Depression is comparatively common in adolescents and children, and if it is left concealed and untreated, can have enduring negative effects. Social workers who provide services to adolescents and children have to understand its characteristics, and perform proper developmental measurements of depressive symptoms. This paper reviews present literature interrelated to the measurement of depression in children.
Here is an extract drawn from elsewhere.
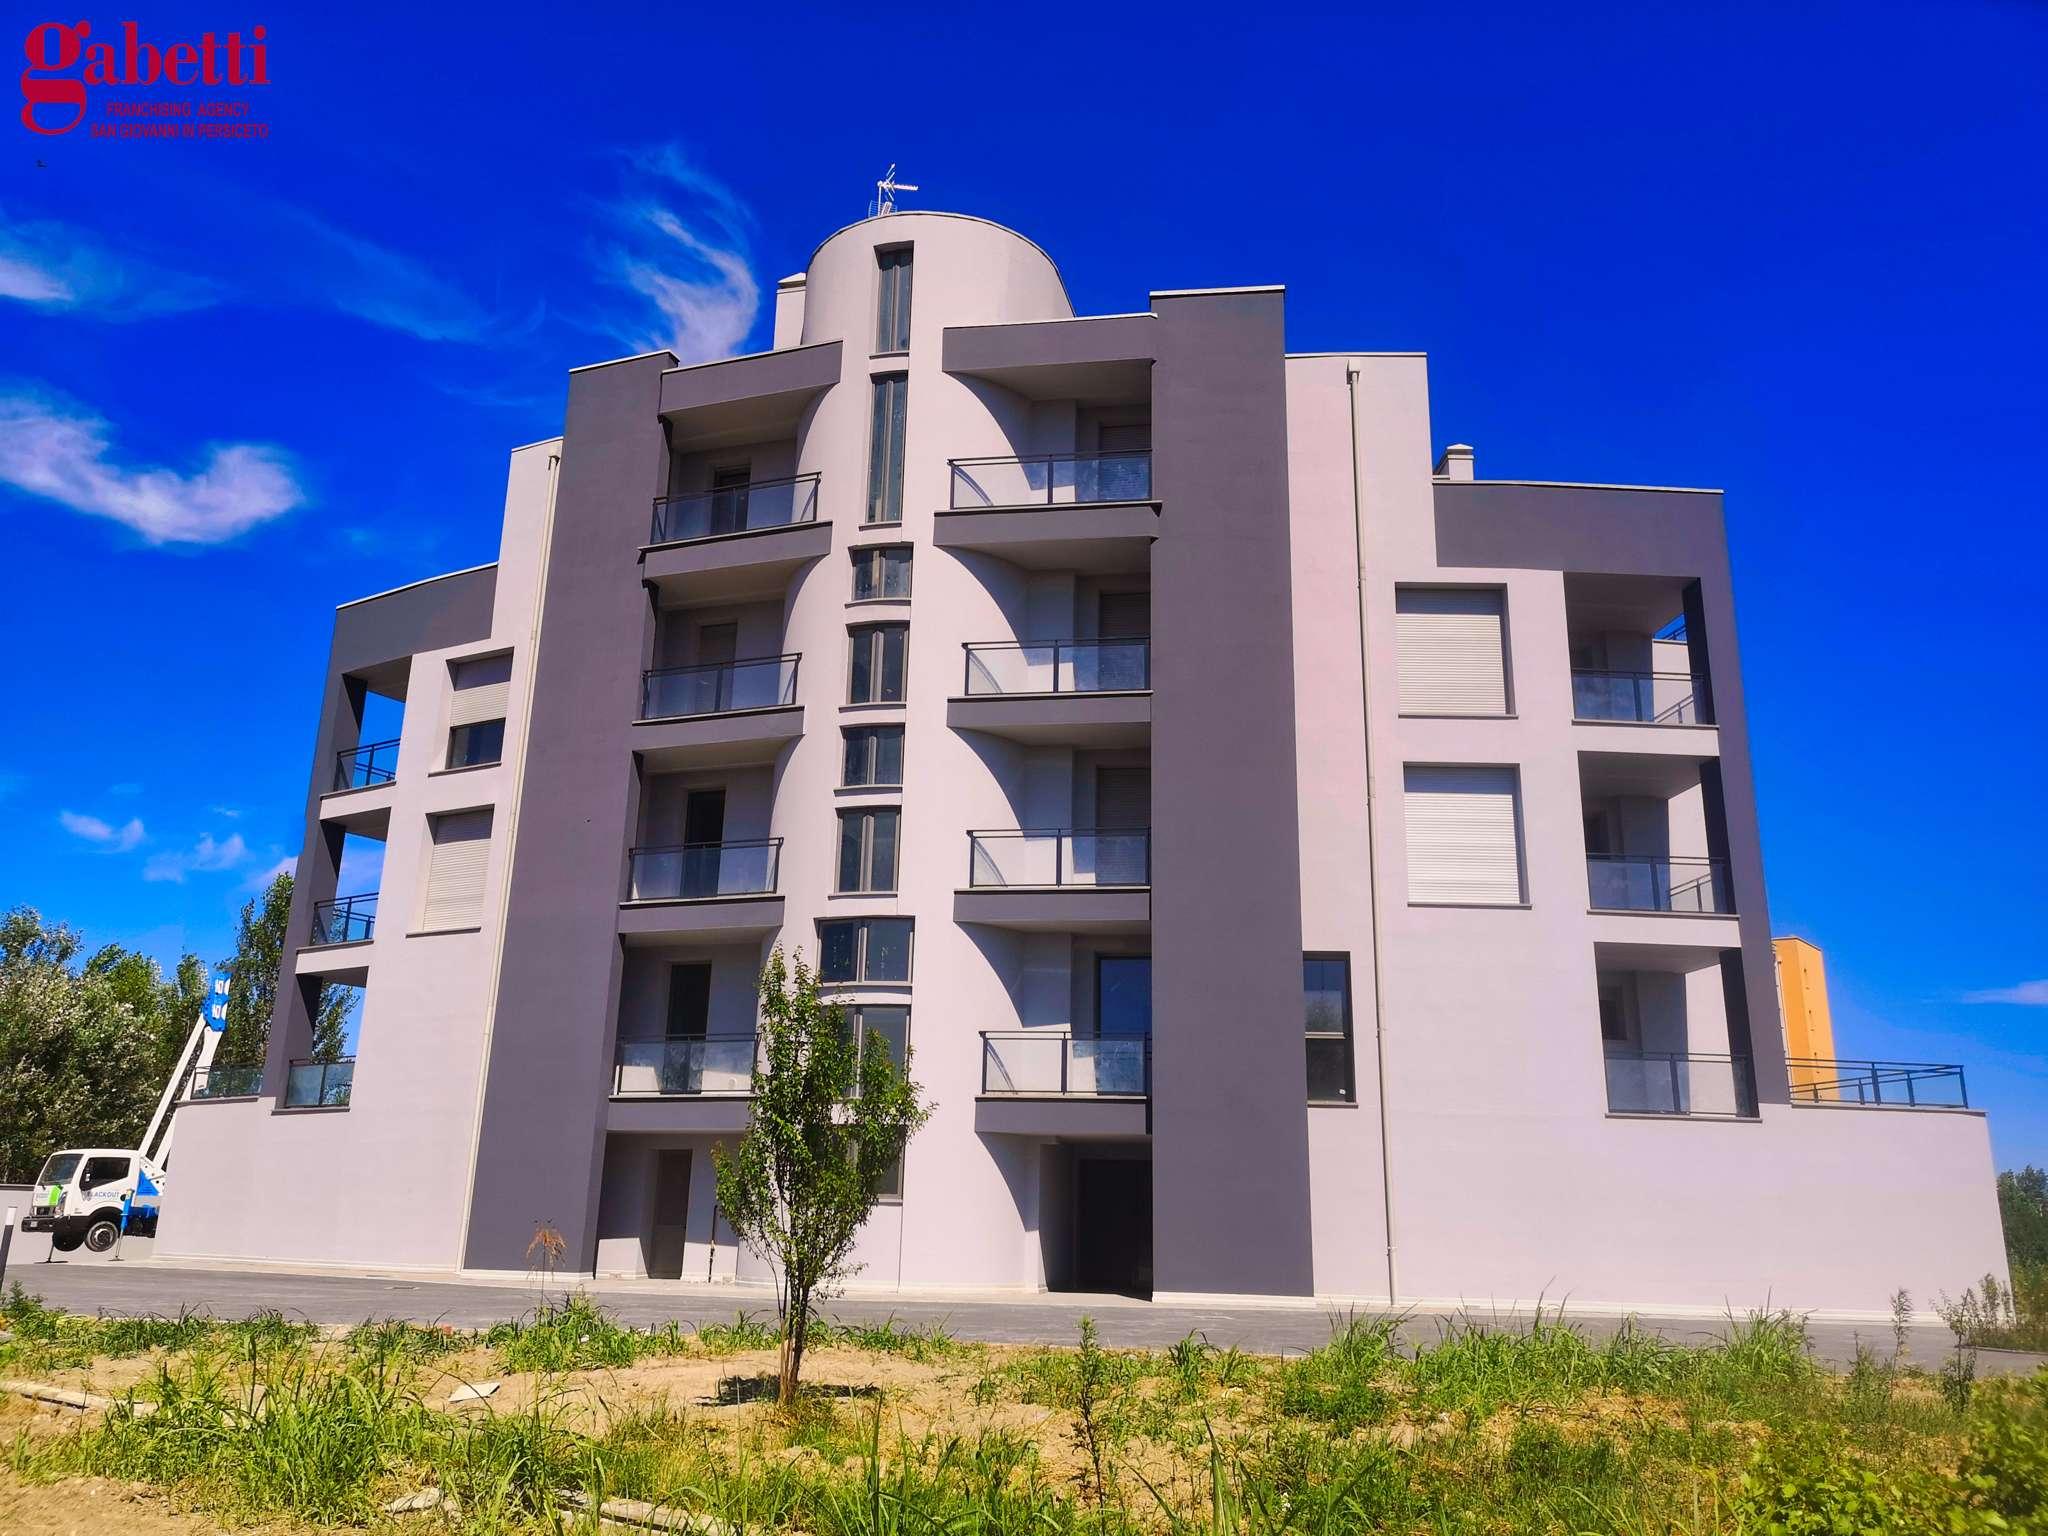 Appartamento in vendita a San Giovanni in Persiceto, 5 locali, prezzo € 235.000 | PortaleAgenzieImmobiliari.it

If a child is suspected to be depressed, psychological testing may be used to substantiate the diagnosis and establish the acuteness of his or her symptoms. Psychological testing may be utilized to assess the adaptive and accomplishment level of the child, cognitive functioning of the child, educational and school change, and substance abuse. For the clinician to make accurate measurement of depression, he should create a precise and all-inclusive picture of the child’s current functioning by evaluating his recent and past medical and psychological functioning and symptom profile. Most often, the process starts by making that important visit to the primary care doctor. The doctor asks the child simple questions about how he feels and about his experiences. The parent can also be asked to clarify whether recent life events like loss of a loved one or even divorce had happened. Historically, these life events psychologically affect children. The assesment will then be scored and the outcome interpreted by a psychiatrist. Once the outcome of the assessment is released, the child meets the doctor to discuss it. After discussions, plans for treatment are decided upon and sometimes additional specialists may come in to help ( DiMaria, 2010).
Time should be taken to figure out the process of valuation and how best it can help your child to live an anxiety free life and keep depression at bay.